On how it all started, Sankaran says, "Higgins invited me to join him to teach courses in rhythm, performance, theory, and also perform with him in concerts. The Higgins-Sankaran duo continued until 1978 when Higgins left York University and I took over the South Indian music programme as the chief director."
Over the years, the holistic approach in teaching the programme has made a positive impact on the approach and understanding of rhythm of western performers, says Sankaran. Further, the introduction of adaptation techniques and concepts in the programme enabled western drummers (Jazz drummers in particular) to adapt to their own instruments.
According to Sankaran, the pedagogical style of teaching combines the best of both East and the West to create a holistic blend.

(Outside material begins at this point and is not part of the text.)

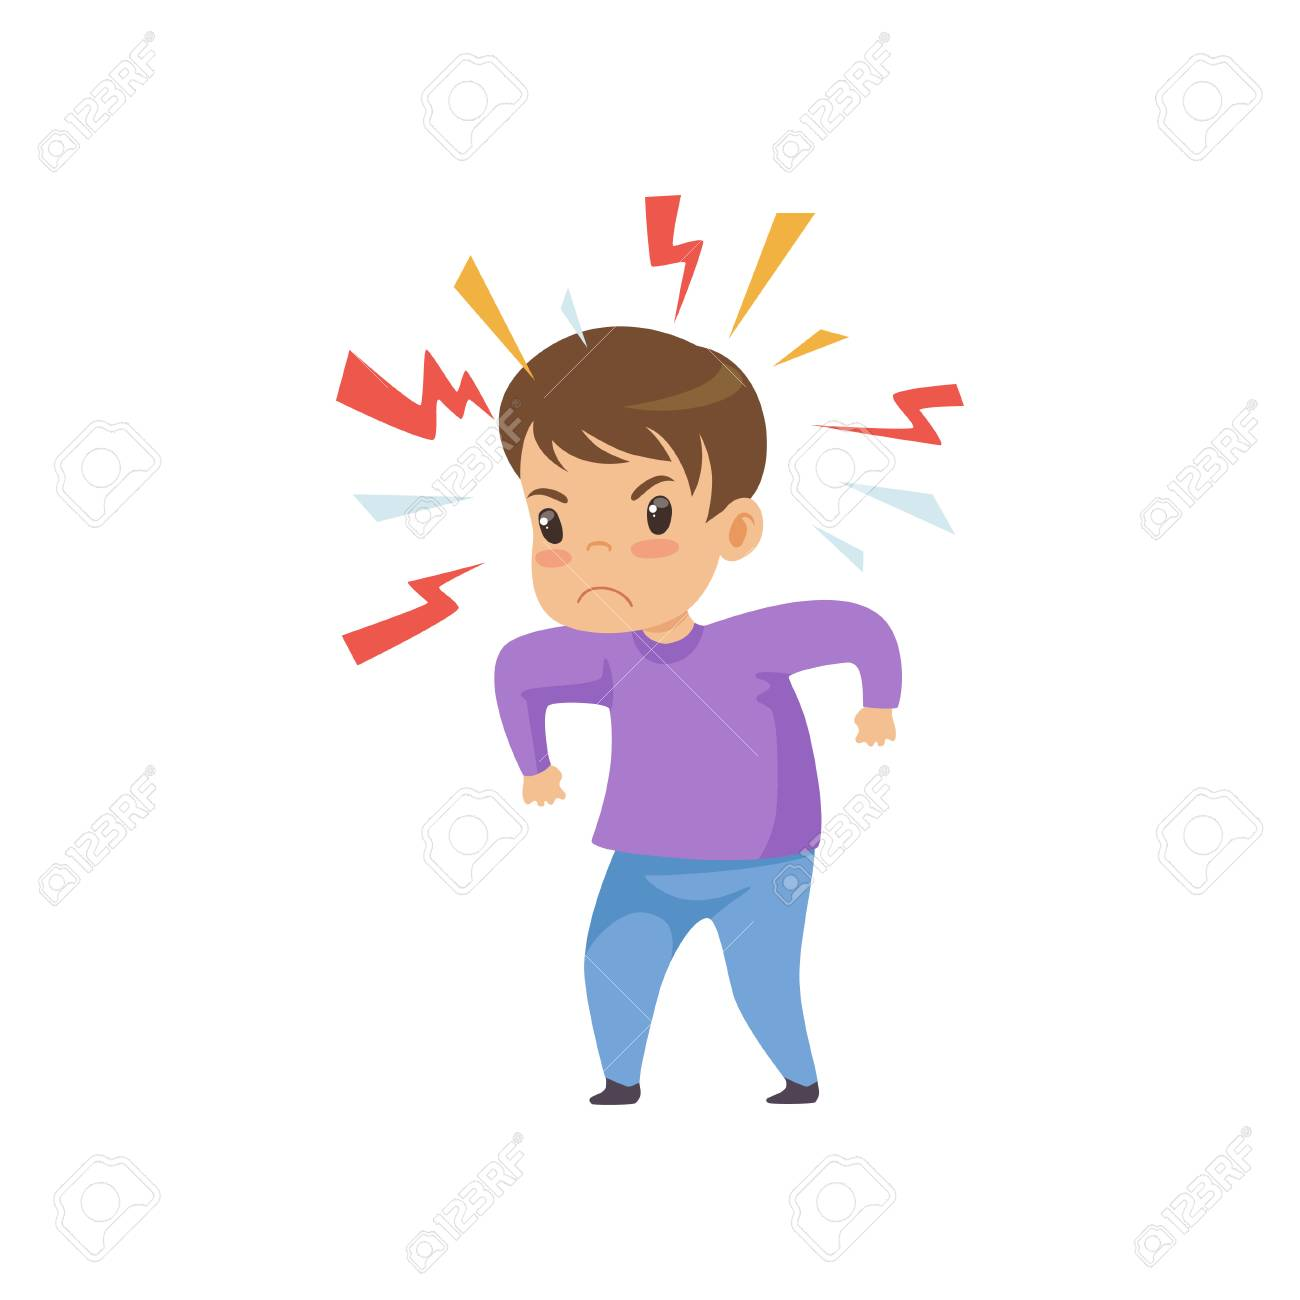 Aggressive Naughty Boy, Bad Child Behavior Vector Illustration on White Background. - 119076266

His collaborations with Western musicians in performance, particularly with groups like Nexus, World Drums and Gamelan, among others, and contemporary world music ensembles have had far-reaching effects in the deepening of the understanding of Indian culture in Canada as well as in the evolution of the programme.
A course on Solkattu studies (spoken rhythms and patterns of hand-clapping used by classical South Indian dancers and musicians) created by him has influenced students from the undergraduate to graduate level over the years to take up teaching, performance, and research.
Says Sankaran, Indian music in general has attracted westerners for its melodic varieties, use of drone, rhythmic sophistication and improvising qualities while Carnatic music in particular, has been appreciated for its rhythmic character, enchanting melodies, and drum improvisation besides compositional structures.